The method uses minimal hardware resources for SOM implementation and confers a high modularity and versatility in neural network design. The designed network is a generic one and can be used to design neural networks with the following features: on-line training, on-chip learning and a SOM network topology set by the user.
At opposed to the classical methods, where the network training is made offline, and therefore the implemented designs cannot be changed in real time, a pattern recognition platform implemented in FPGA with learning capabilities, self-organizing and noise tolerance will be able to auto reconfigure in order to obtain the best performance for a given application. A sample case study for an implemented design is presented in [22] , [23] , based on artificial olfaction systems.
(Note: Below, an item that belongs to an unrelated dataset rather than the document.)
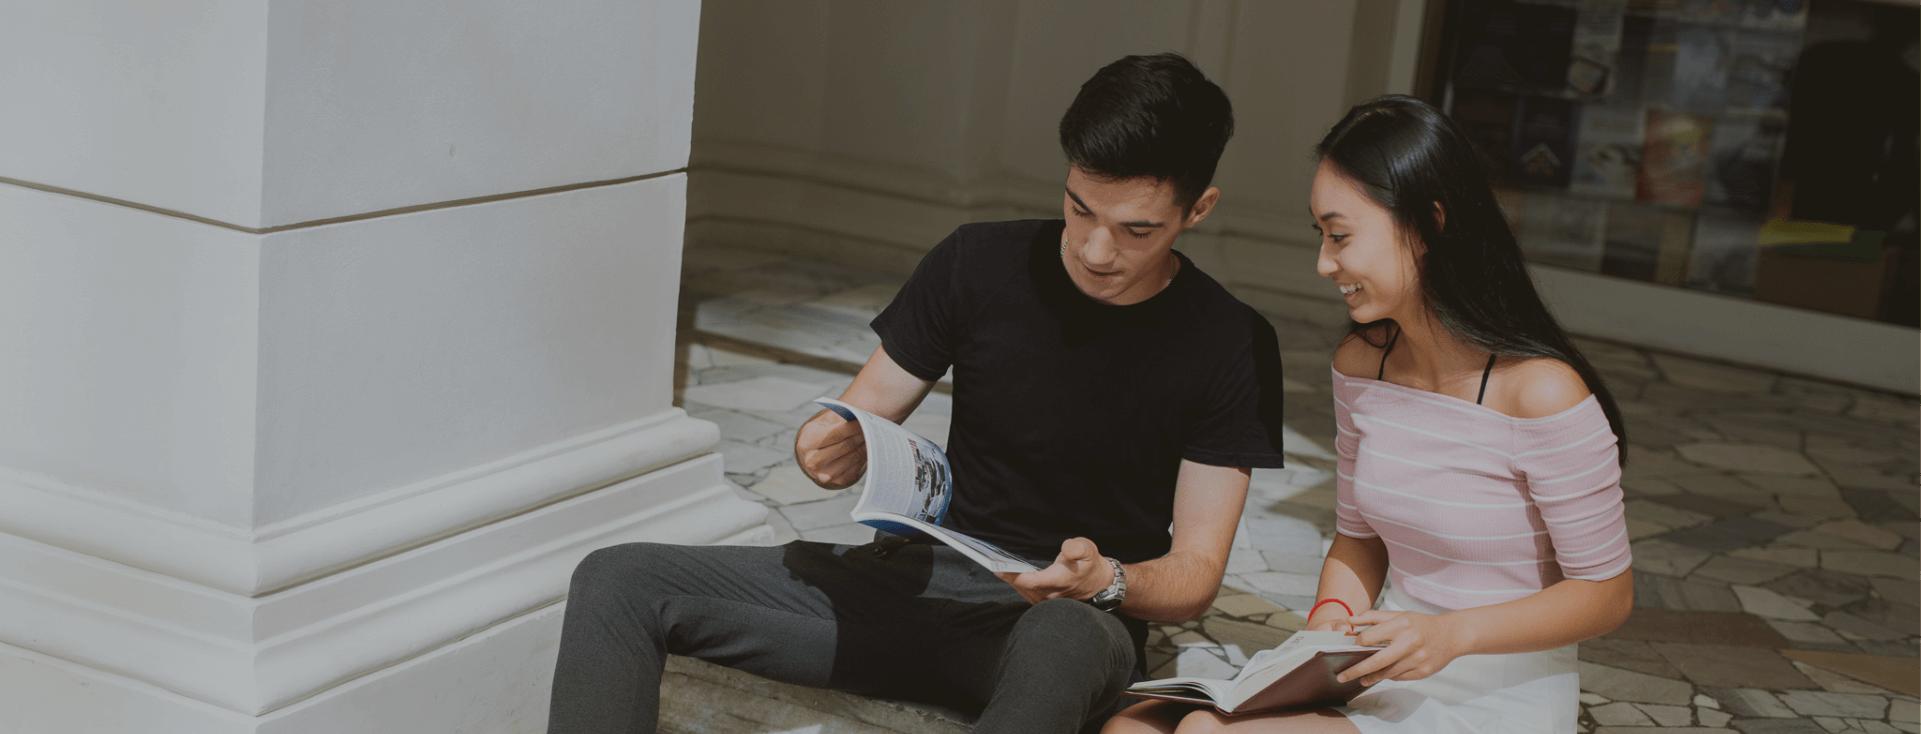 Studenci przeglądający broszurę

A possible drawback of the method consists of its relatively limited portability. Given that, a SOM library is embedded into the System Generator/Simulink/Matlab environment, a design can be implemented only in a Xilinx FPGA family. In order to overcome this impediment, all library components should be redesigned using stand-alone software like VHDL, Handel-C or C. However, in such cases the main expectance of a user-friendly design environment could be lost.